Erasmus Universiteit Rotterdam
12 juni 2002
Bijwerkingen ondergeschikt aan effect HIV-geneesmiddel
Niersteenvorming en lipodystrofie zijn veelvoorkomende bijwerkingen
van HIV-proteaseremmers maar het therapeutisch belang van deze nieuwe
geneesmiddelen tegen AIDS weegt daar ruimschoots tegenop. Dit
concludeert mw. J.P. Dieleman in haar proefschrift
'Veiligheidsaspecten van HIV-proteaseremmers'. Zij promoveert 12 juni
2002 aan de Erasmus Universiteit Rotterdam.
In juli 1996 kwamen nieuwe geneesmiddelen (HIV proteaseremmers) op de
markt voor de behandeling van HIV-infectie en AIDS. Uit vooronderzoek
bleek dat deze HIV-proteaseremmers zeer effectief zijn. Dit leidde
ertoe dat ze wereldwijd versneld op de markt werden gebracht, op een
tijdstip dat nog niet alle bijwerkingen bekend waren. Daarom werd door
de Inspectie voor de Gezondheidszorg en het Nationale Aids en Therapie
Evaluatie Centrum (NATEC) een onderzoek verricht naar de veiligheid
van HIV-proteaseremmers.
Nierstenen en lipodystrofie behoren tot de frequent voorkomende
bijwerkingen van HIV-proteasaeremmers. In verband met mogelijke
niersteenvorming worden patiënten geadviseerd veel water te drinken.

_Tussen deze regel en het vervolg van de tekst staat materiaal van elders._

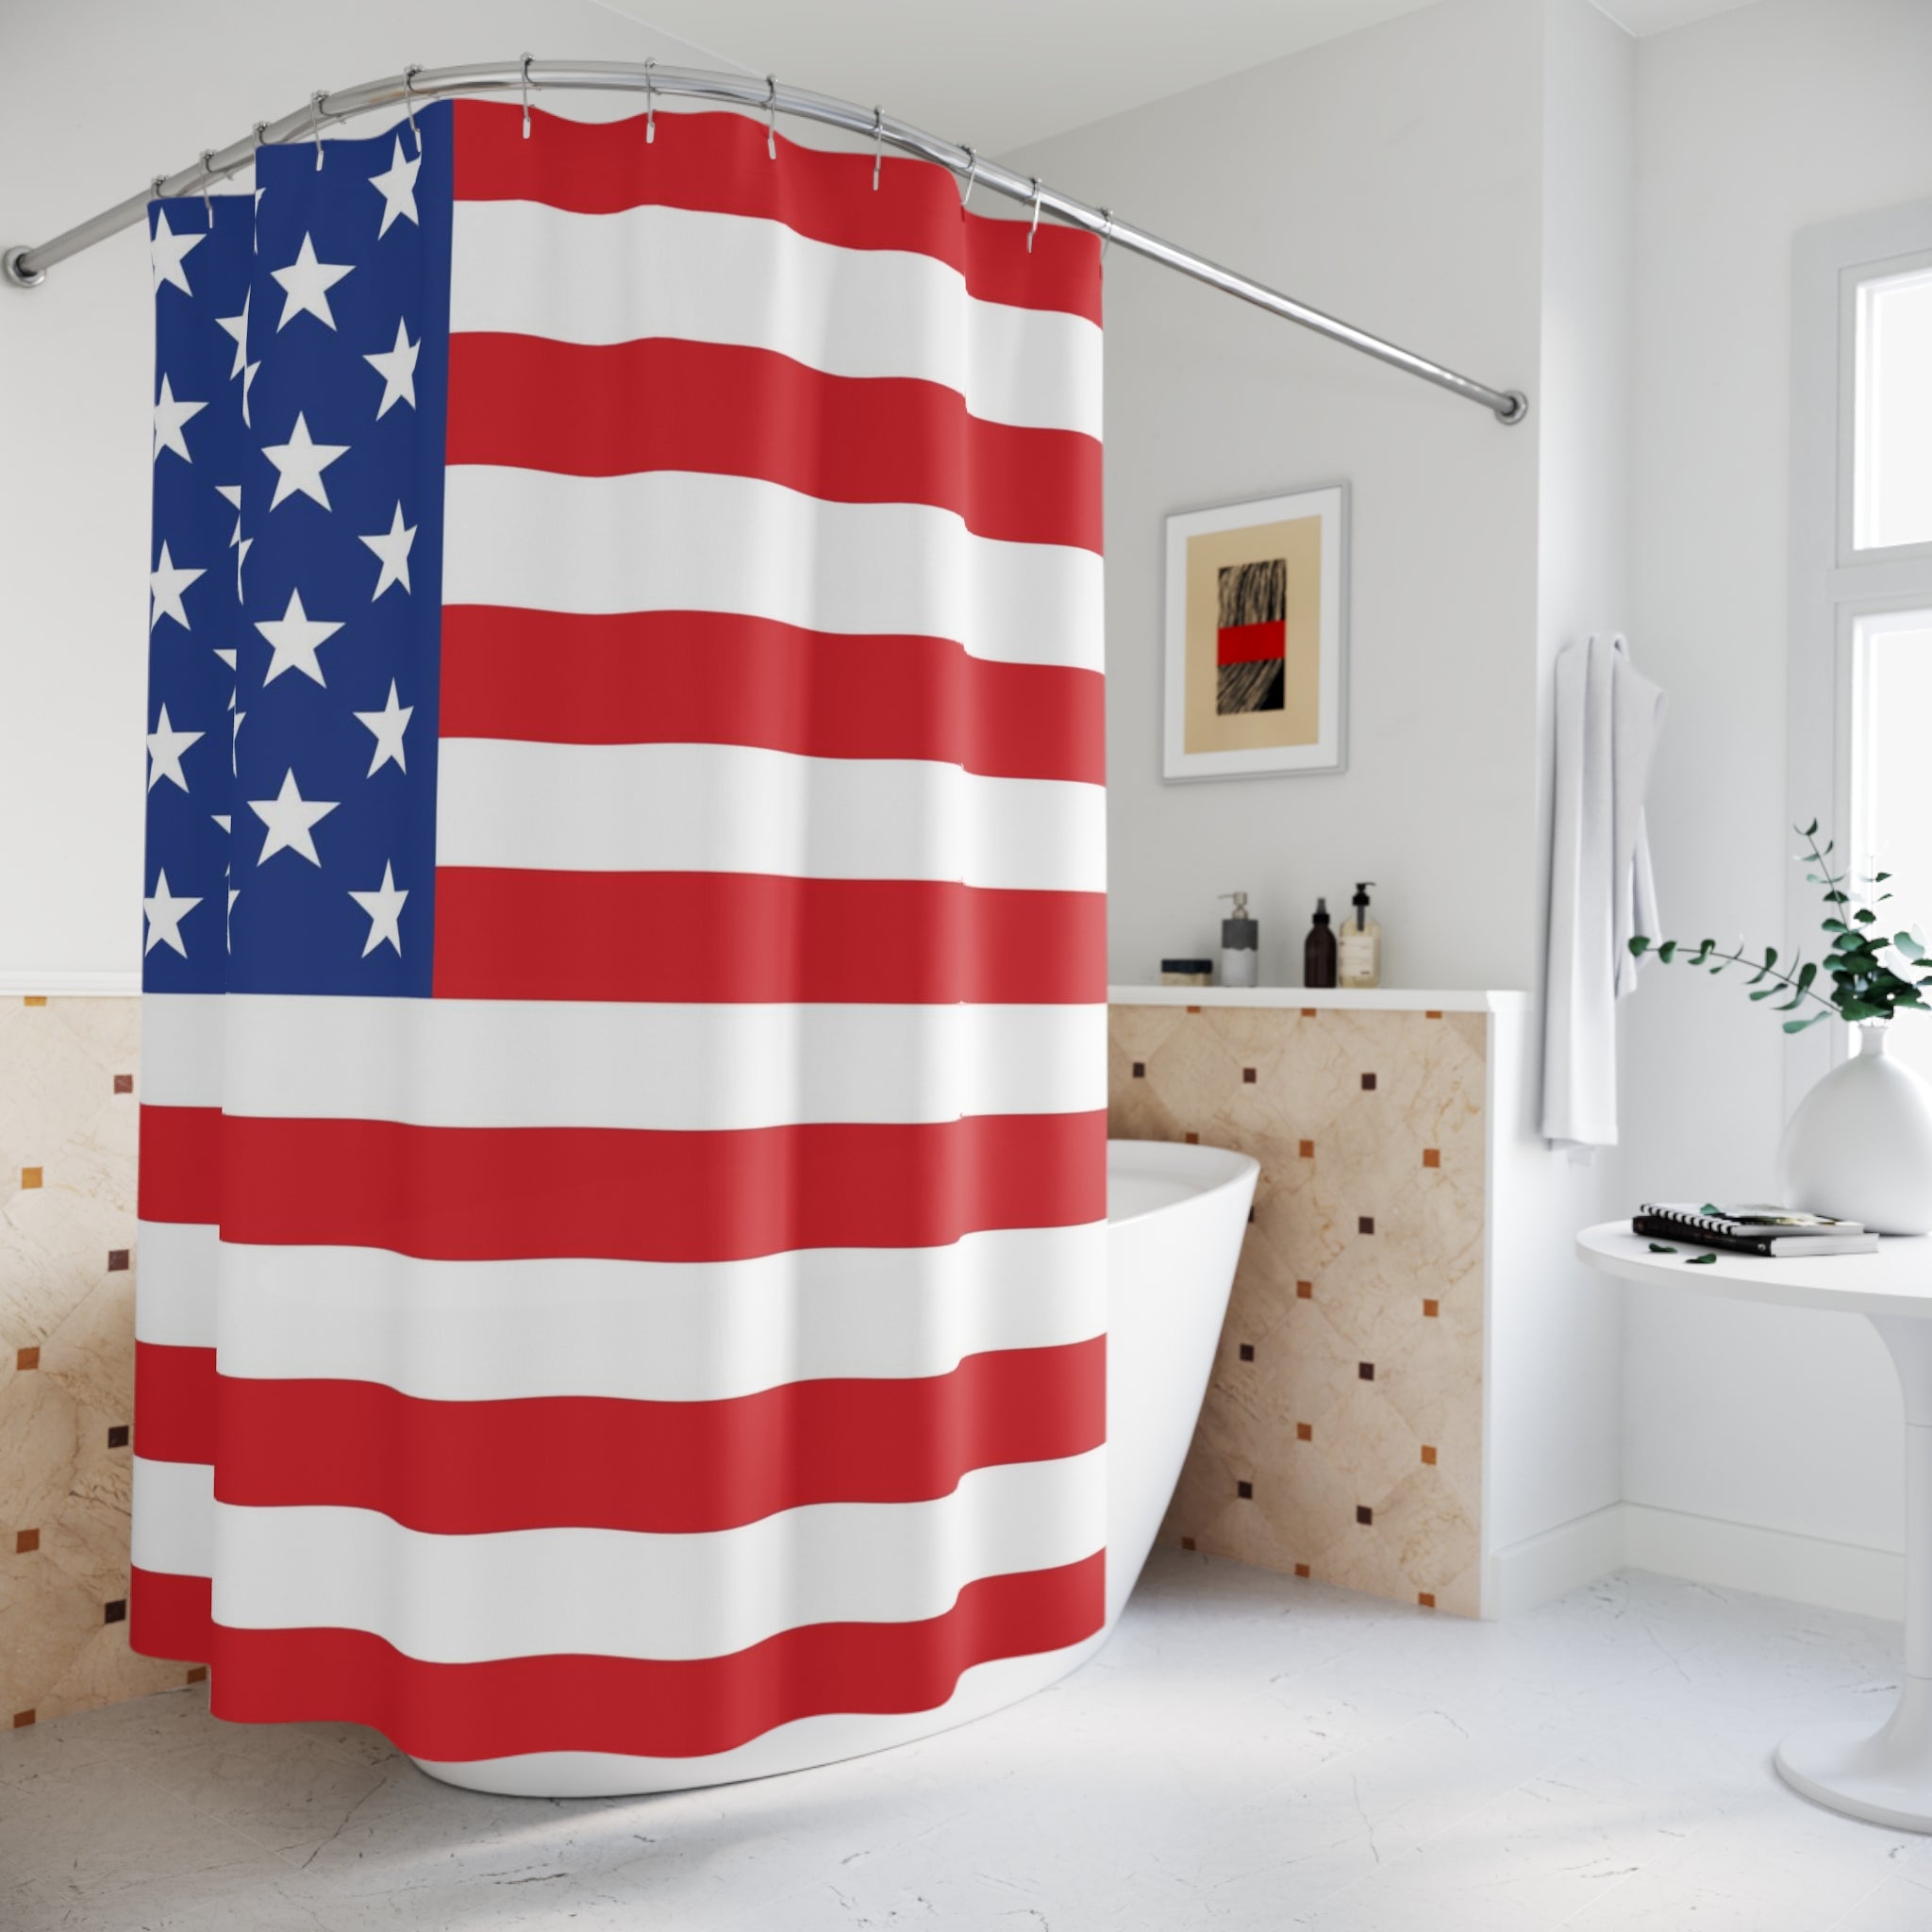 USA Polyester Shower Curtain - MG Bath Products USA flag on shower curtain.Home Decor
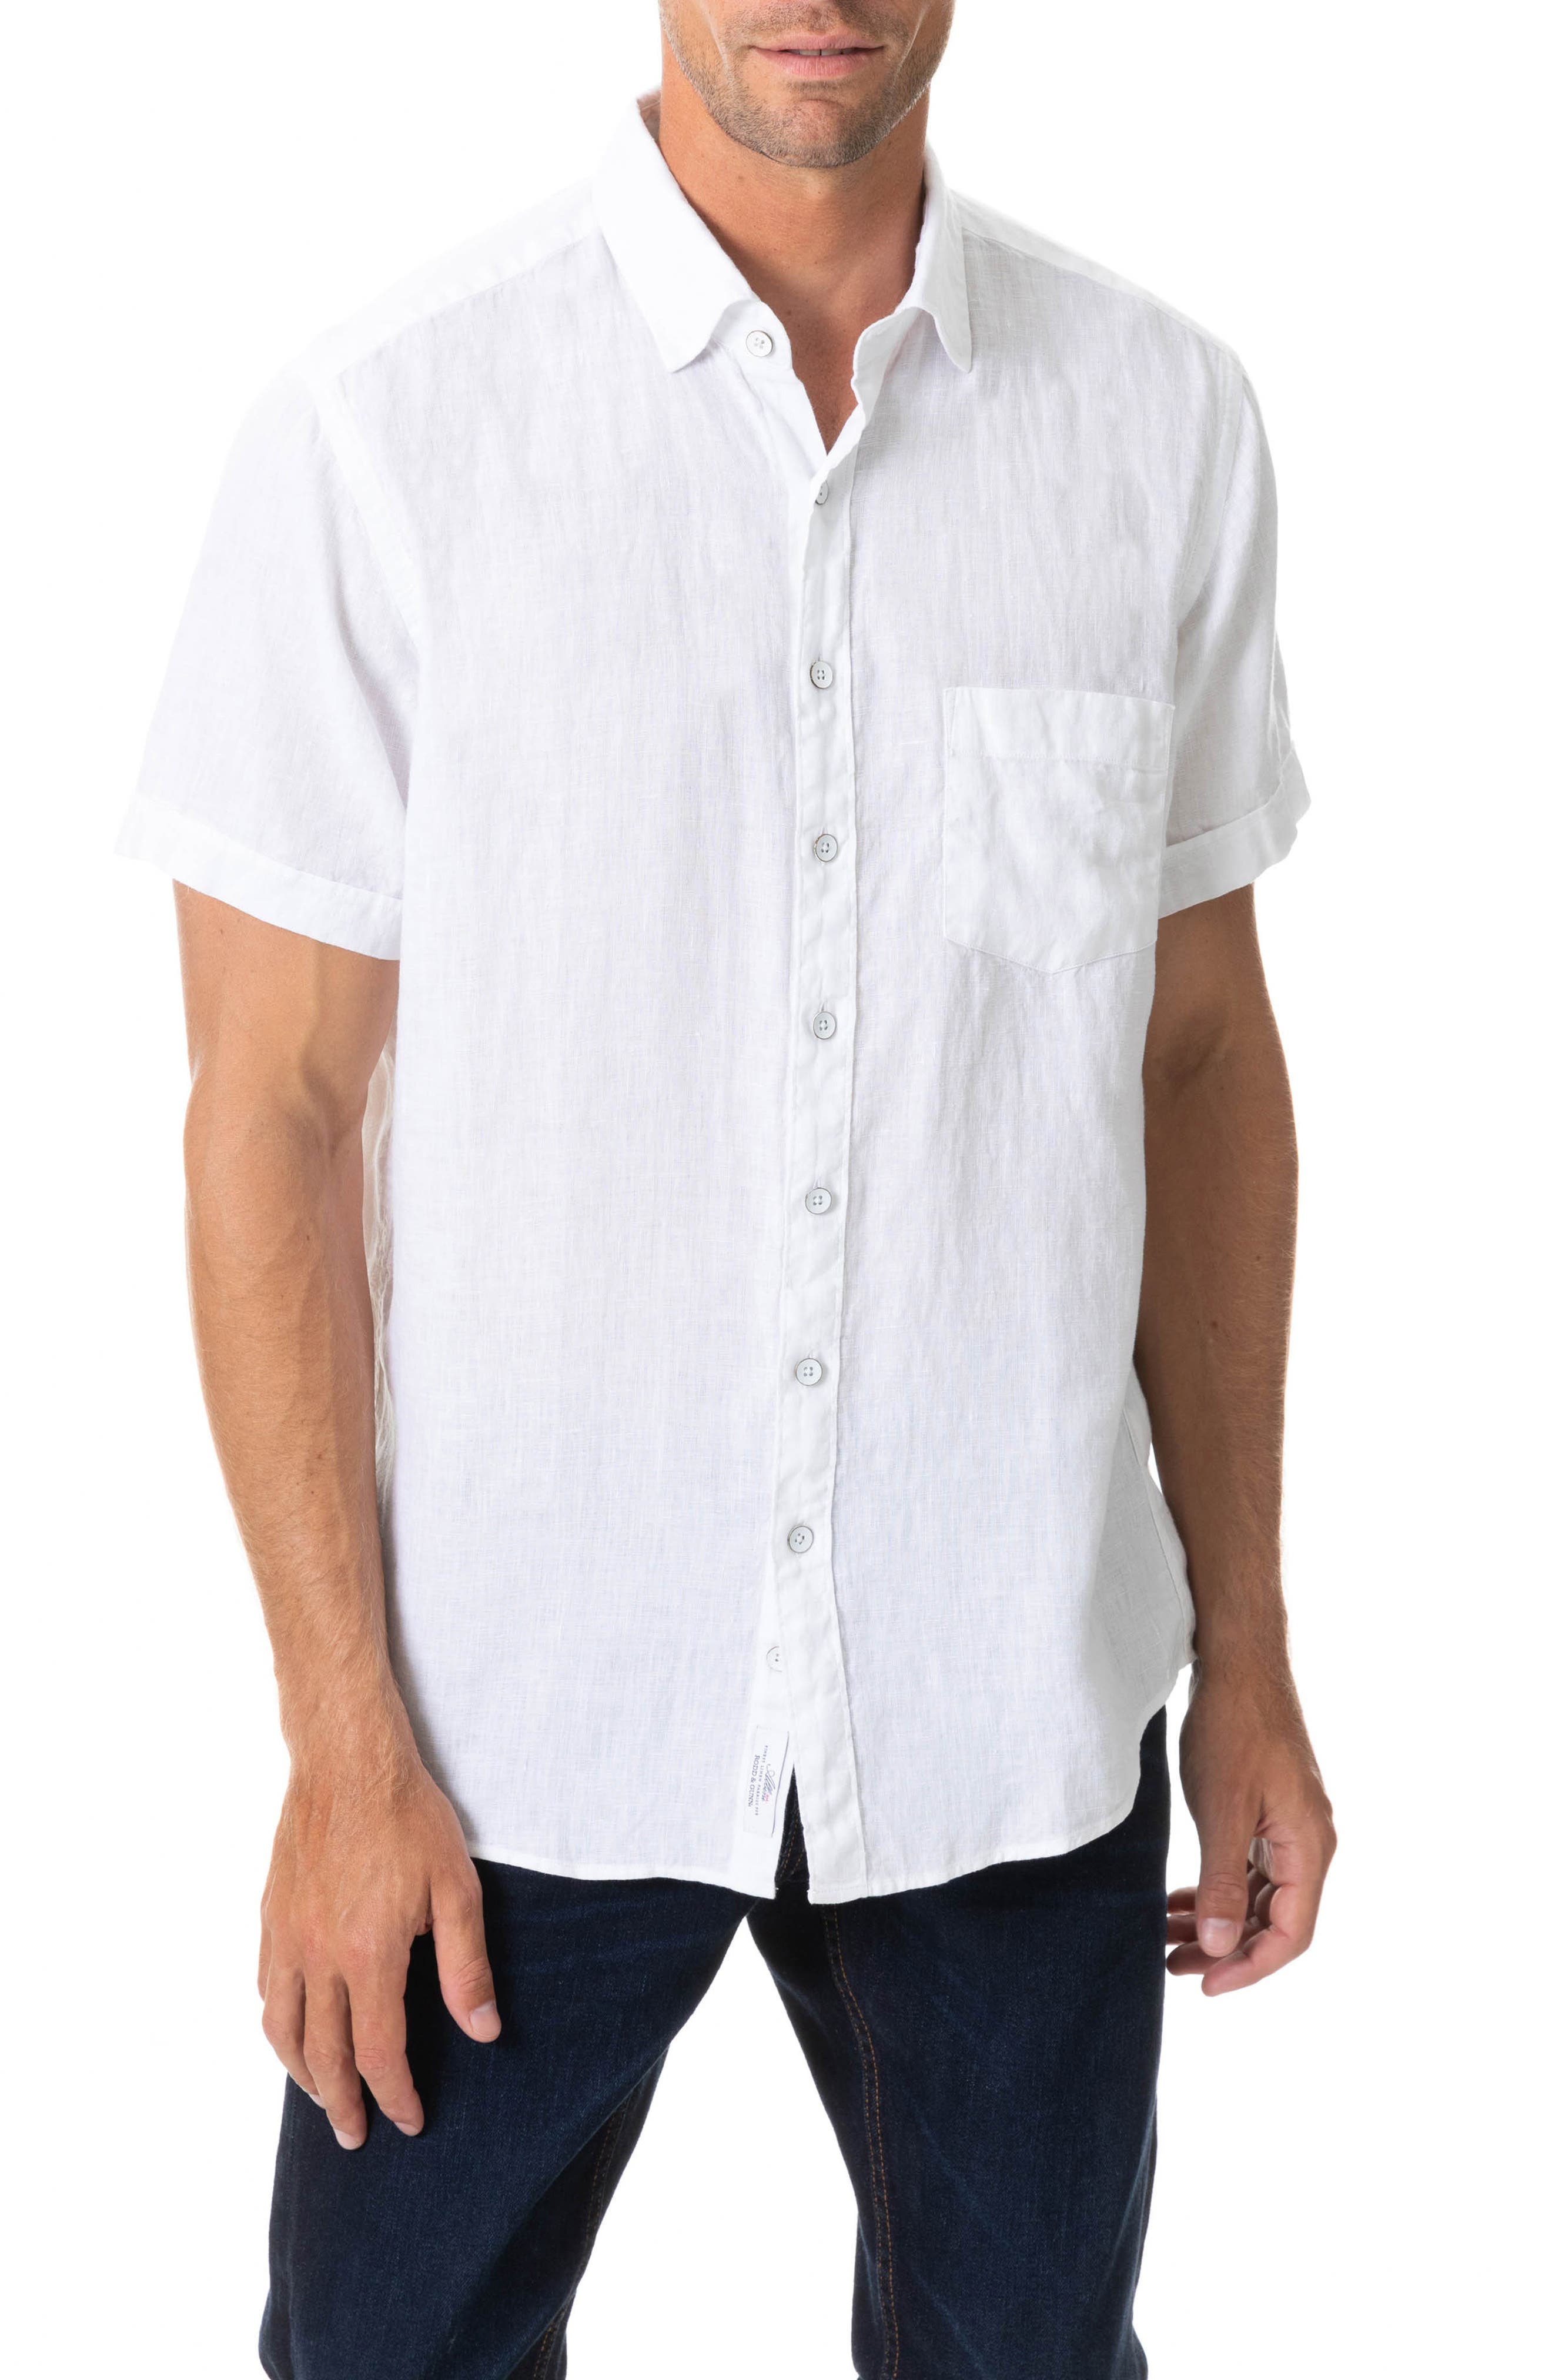 Peak performance Short Sleeve Shirt white business style Fashion Formal Shirts Short Sleeve Shirts

In het promotieonderzoek werd gevonden dat nierklachten, maar ook
onmerkbare afwijkingen in de urine, samenhangen met hogere spiegels
van het medicijn Indinavir in het bloed. Als er teveel Indinavir in de
urine belandt blijken er al snel kristallen te ontstaan. Deze
kristallen kunnen stenen en klachten veroorzaken, maar kunnen soms ook
ongemerkt leiden tot een verslechterde nierfunctie. Kristallen kunnen
met veel drinken slechts worden doorgespoeld, maar waarschijnlijk niet
worden voorkomen. Patiënten moeten overigens rekening houden met hoge
omgevingstemperaturen, omdat door transpiratie urineproductie daalt en
daarmee de doorspoeling vermindert.
Lipodystrofie, een stoornis in de vetverdeling van het lichaam, is een
heel bijzondere bijwerking, die pas na introductie van de
HIV-proteaseremmers werd ontdekt en die in het kader van het
proefschrift werd onderzocht. Een groot aantal patiënten lijkt na
langdurige behandeling te vermageren, doordat het onderhuidse vet
verdwijnt. Sommigen krijgen vetophopingen in de buik of elders in het
lichaam. Ingebed in een landelijke studie, het ATHENA project, werd
gevonden dat HIV-proteaseremmers waarschijnlijk een relatief kleine
rol spelen. Met name stavudine, één van de veelgebruikte nieuwere
reverse transcriptaseremmers, lijkt het ontstaan van lipodystrofie te
bevorderen.
Hoewel de onderdrukking van HIV door HIV-proteaseremmers succesvol is,
vinden vaak therapiewijzigingen plaats door niersteenvorming en soms
door lipodystrofie, maar met name ook door maag-darmklachten en
neuropathie. In deze gevallen blijkt het stoppen van
HIV-proteaseremmers en starten van een ander soort HIV-remmer in
plaats van het starten van een andere HIV-proteaseremmer gunstig.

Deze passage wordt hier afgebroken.